Well, Teninx... after today's drama on the Amazon Boards, I have said _Adios_ to them as well. Too asinine over there for me! This is a much better place to be.


----------



## Leslie (Apr 7, 2008)

Angela said:


> Well, Teninx... after today's drama on the Amazon Boards, I have said _Adios_ to them as well. Too asinine over there for me! This is a much better place to be.


Yes, I have to say, I was a little hurt to be called a spammer! Sigh...

L


----------



## chynared21 (Oct 28, 2008)

Leslie said:


> I don't think Amazon ever intended it to be a community. It was a users' group and I think primarily designed for quick Q&A. This is a much better place for all of us to be for our indepth and weighty discussions.
> 
> L


*LOL, I didn't even know there was a forum of some sort other than the FAQ thread ;-p And...I'm learning so many new "computer" thingys ))*


----------



## Leslie (Apr 7, 2008)

chynared21 said:


> *LOL, I didn't even know there was a forum of some sort other than the FAQ thread ;-p And...I'm learning so many new "computer" thingys ))*


We'll turn you into a pro in no time!


----------



## chynared21 (Oct 28, 2008)

Leslie said:


> We'll turn you into a pro in no time!


*LOL, so there is hope for me yet...nice  Like Kirstin...I will eventually get it.*


----------



## Betsy the Quilter (Oct 27, 2008)

Leslie said:


> ...This is a much better place for all of us to be for our indepth and weighty discussions.
> 
> L


We have weighty discussions? Where? 

Betsy


----------



## Suzanne (Nov 3, 2008)

Teninx said:


> I'll be spending my Kindle message board time here, exclusively.
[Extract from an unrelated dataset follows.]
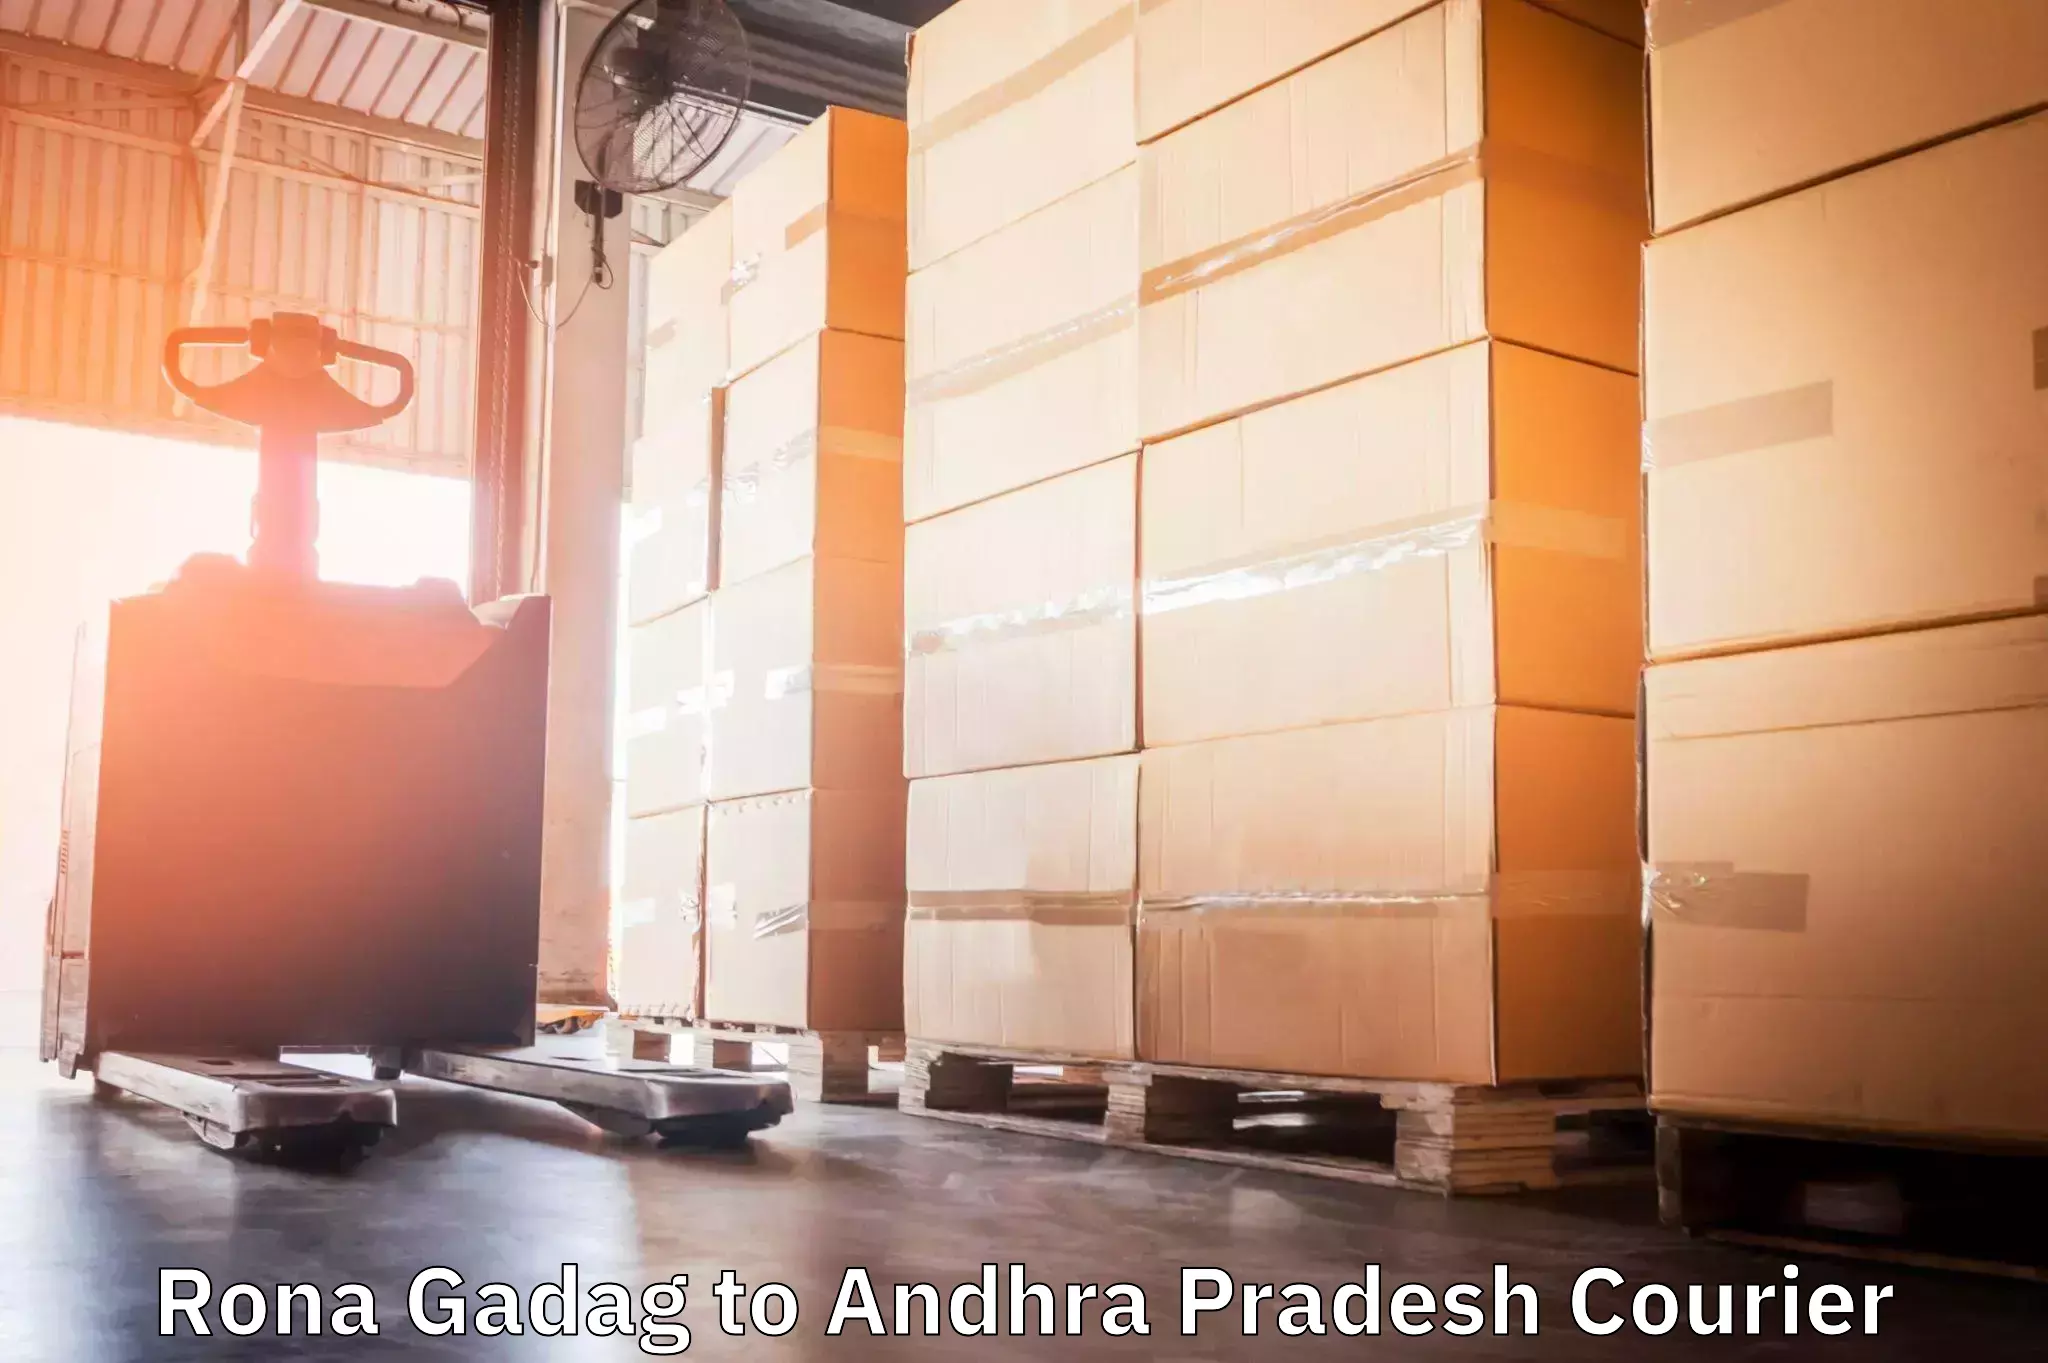 24-hour courier service Rona Gadag to Andhra Pradesh

I'm sure that everyone is thrilled


Teninx, did you name your Kindle yet? If not, I think Reynold would be great!


----------



## Teninx (Oct 27, 2008)

Suzanne, what an excellent suggestion! Reynold it is!


----------



## Angela (Nov 2, 2008)

Betsy the Quilter said:


> We have weighty discussions? Where?
> 
> Betsy


I think someone mentioned weight loss one day... does that count??


----------



## Betsy the Quilter (Oct 27, 2008)

tee hee

Betsy


----------



## Vegas_Asian (Nov 2, 2008)

I officially retire from the amazon kindle boards....I visited it today and everyone seems very snappy.


----------



## Guest (Nov 16, 2008)

Well the holidays are fast approaching so maybe they are feeling the pressure.


----------



## Dori (Oct 28, 2008)

Weighty discussion -    126 lbs. of ruff, tuff, burly wrinkles.
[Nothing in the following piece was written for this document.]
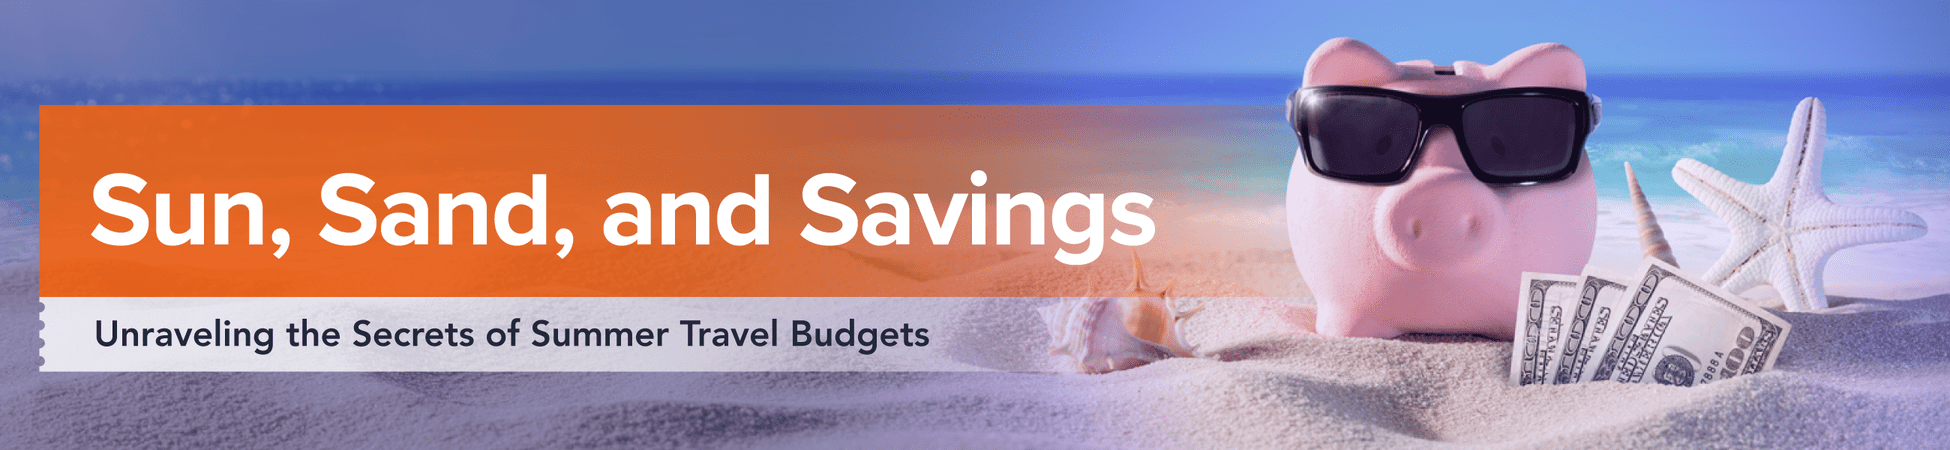 summer travel budgets header

Do they still have the Amazon Discussions?  Who is left to talk to themselves?


----------



## cush (Oct 27, 2008)

To be fair, I think Leslie's got the right of it.  The Amazon "board" was never meant to be a real Board as this one is.  No formal Moderation, no  real Board format, etc.  I have ceased even visiting there.  A real unexpected benefit of Kindle ownership (caretaking? companionship?) is the ability to participate in a literate, friendly, helpful community of like minded people.  This Board is a good example of that Community.  Thank you Harvey, Leslie, Moderators, and Members.


----------



## Angela (Nov 2, 2008)

cush said:


> To be fair, I think Leslie's got the right of it. The Amazon "board" was never meant to be a real Board as this one is. No formal Moderation, no real Board format, etc. I have ceased even visiting there. A real unexpected benefit of Kindle ownership (caretaking? companionship?) is the ability to participate in a literate, friendly, helpful community of like minded people. This Board is a good example of that Community. Thank you Harvey, Leslie, Moderators, and Members.


amen!


----------



## Yollo (Nov 10, 2008)

Had I not done outside research on the Kindle, and based my decision on the Discussion Board alone, I am unsure if I would have actually gotten one. Everybody is so mean spirited I feel like I would have been so turned off I might not have gotten one. And that's a shame, because everybody should be able to share in the Kindle joy.


----------



## Dori (Oct 28, 2008)

I love the Amazon discussion groups,  they were a stepping stone to HERE.


----------



## Guest (Nov 17, 2008)

Everything has it's purpose and now we are all where we are supposed to be.


----------



## Sailor (Nov 1, 2008)

cush said:


> To be fair, I think Leslie's got the right of it. The Amazon "board" was never meant to be a real Board as this one is. No formal Moderation, no real Board format, etc. I have ceased even visiting there. A real unexpected benefit of Kindle ownership (caretaking? companionship?) is the ability to participate in a literate, friendly, helpful community of like minded people. This Board is a good example of that Community. Thank you Harvey, Leslie, Moderators, and Members.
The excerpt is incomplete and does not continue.